Rábula

Até pouco tempo nesta comarca havia a figura do rábula. Talvez houvesse muitos, porém estou escrevendo a história obscura, pouco divulgada, história daqueles homens que circulavam com o “saber” de nariz para cima, querendo dizer “aptos” para enfrentar com raciocínio rápido e prático, o metal das desinteligências. O vocábulo do latim costura um sentido depreciativo. Servia para identificar o advogado que falava muito e sabia pouco. Substantivo designando o que há de pejorativo na profissão do direito: “Advogado ou procurador chicaneiro, aquele que embaraça as questões, lançando todos os artifícios que as leis jurídicas facultam”.

Perto do nosso adorável tempo vamos ao dicionário Aurélio onde o étimo segue a linha dos compêndios lusitanos no que concerne ao sentido: advogado de limitada cultura, importuno, leguleio, pegas. Define também todo aquele indivíduo que advoga sem o álibi moderno do diploma.

Sem encantamentos e com dor na alma o vocábulo “rábula” é quase palavra morta. Mas o seu sentido é vivíssimo. Ninguém haverá de dizer: papai era rábula que alcançou fama e fortuna porque os serviços prestados não eram tabelados.
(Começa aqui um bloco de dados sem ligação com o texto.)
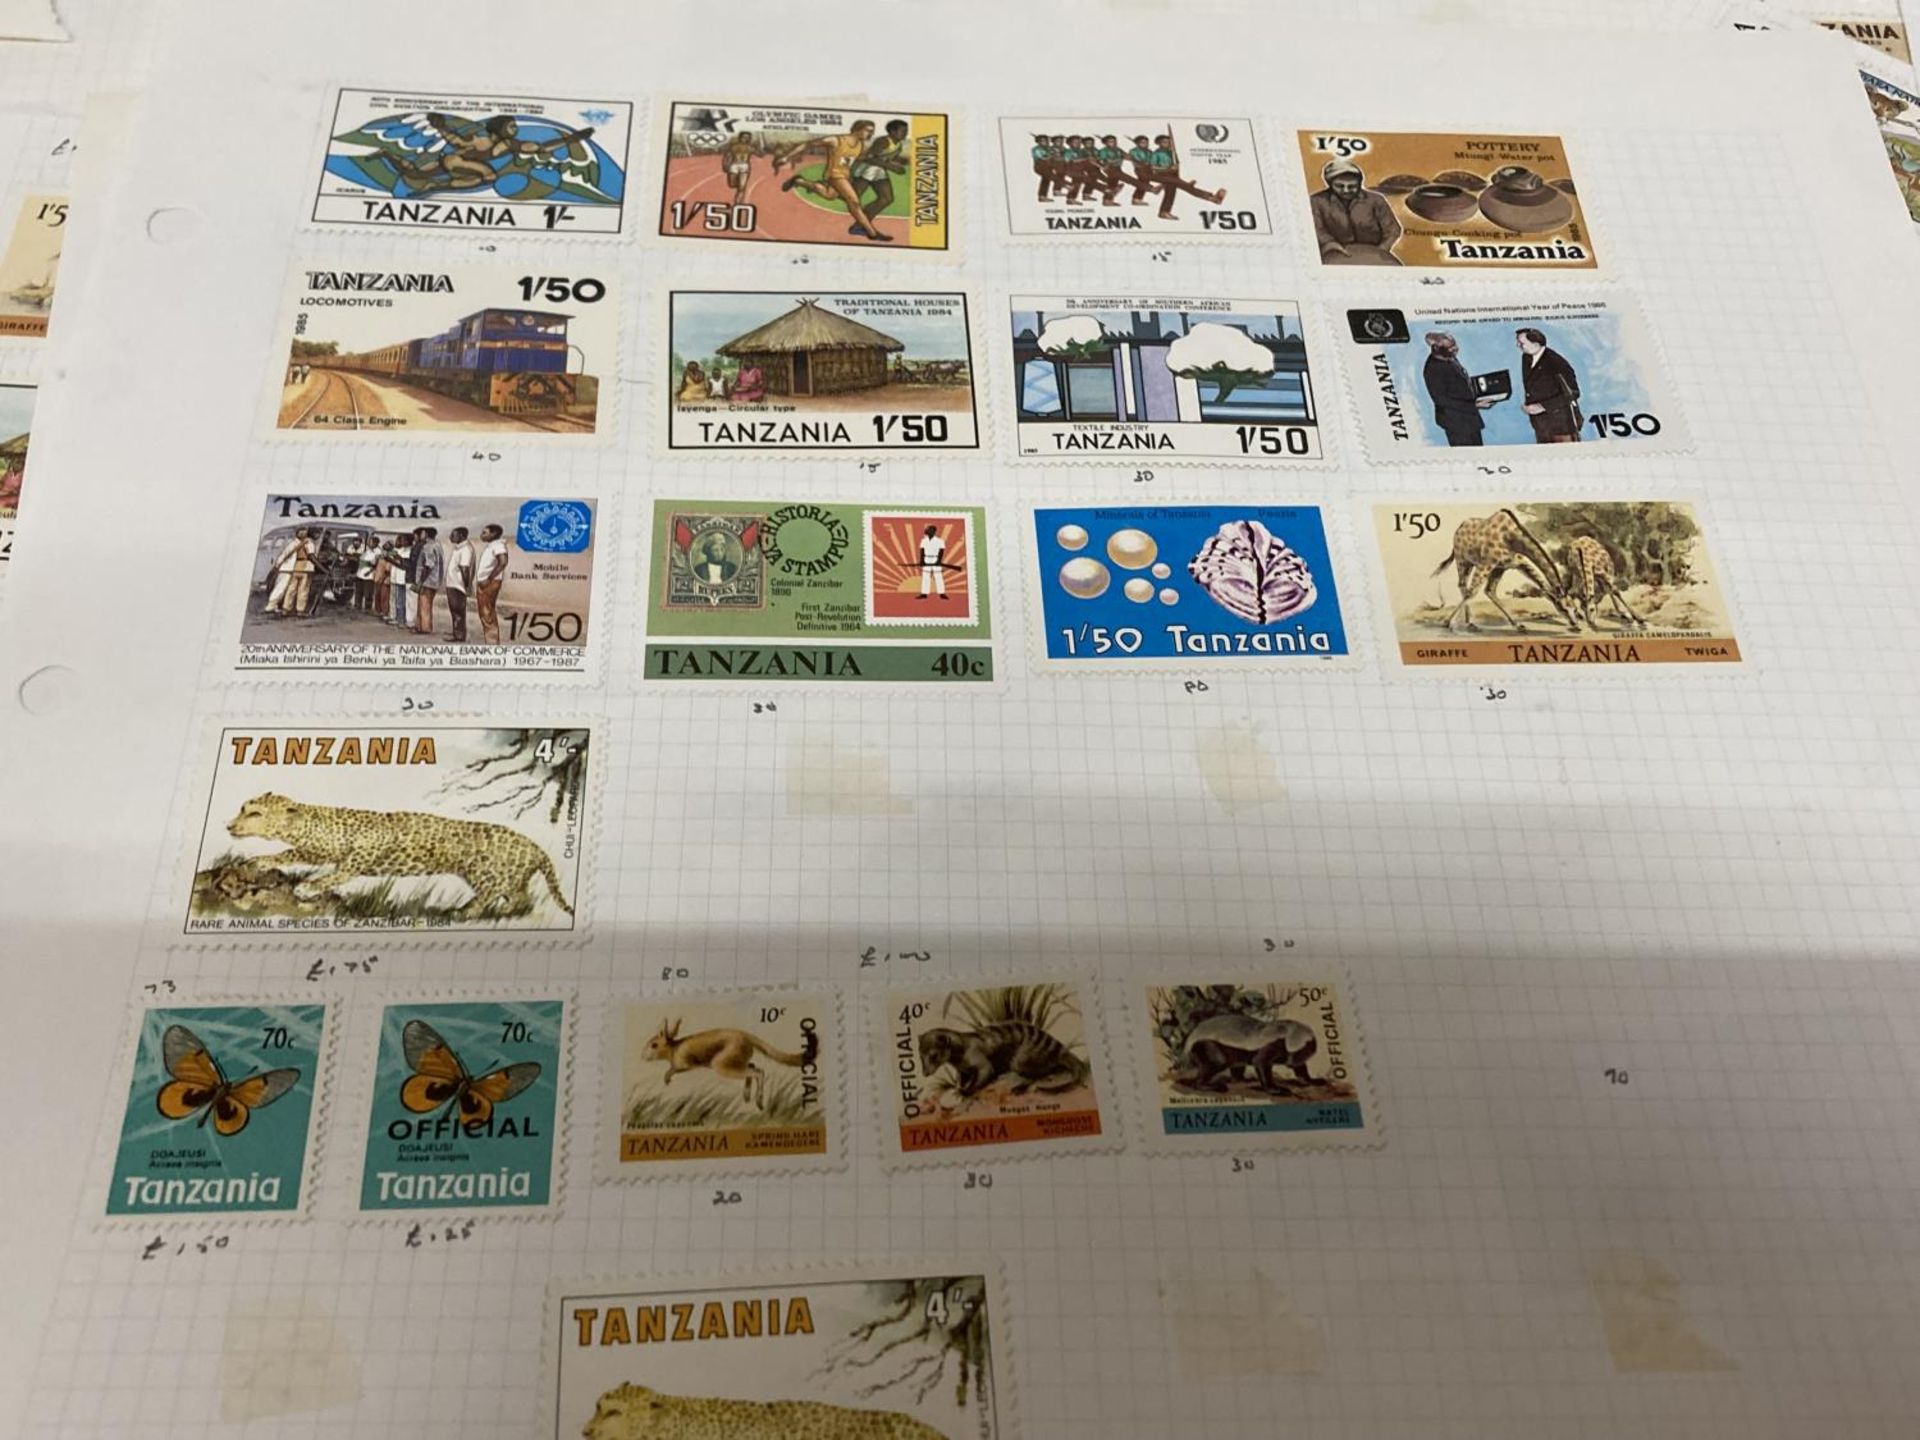 TEN PLUS SHEETS CONTAINING STAMPS FROM TANZANIA - Bild 4 aus 6

Hoje quando todos ambicionam a titularidade de doutor, sem doutorado, o que renova a consistência da figura antiga, estamos infestados de rábulas justo quando se necessita de grande ciência. Assim caminhamos tropegamente respeitando solenemente doutores em caramujos. O estrago social no indivíduo é de uma desgraça inominável. Os rábulas que aqui viveram e exerceram o direito de protestar em nome de alguém atingiram grande notoriedade financeira comprovando que rabulices são de grande efeito para o êxito das questões. Triste, abatido, sozinho fico pensando até que ponto teria sucesso se minha causa fiduciária de “juros elevadíssimos” tivesse caído nas mãos de bons rábulas. Ou se pelo menos tivesse sido rábula de mim mesmo.

Com dinheiro tudo seria diferente. Nenhum advogado nomeado confessaria estar perdendo tempo comigo quando nem sabe sobre que processo está me referindo. Ah! O dinheiro arrancaria um profundo respeito para o caso, respeito para com pessoas simples, de chinelos e sonhos. Conseguiriam deter os juros dentro do processo labiríntico que eles juram de ser fácil acesso.

Há um ódio inato em todo aquele recalcamento justificado pela perda do valor próprio dentro da esfera dos valores pessoais. Sou um homem simples, confesso. Vivo a era em que todo ouro fuma no Senado. Só nós, humildes, não podemos fumar a liberdade do que quer que seja. Somos obrigados a cumprir nossos destinos com rábulas para que a vitória do primeiro empreendimento compense as ilusões do trabalho. Pois tentamos o trabalho e recebemos na diificuldade o forum.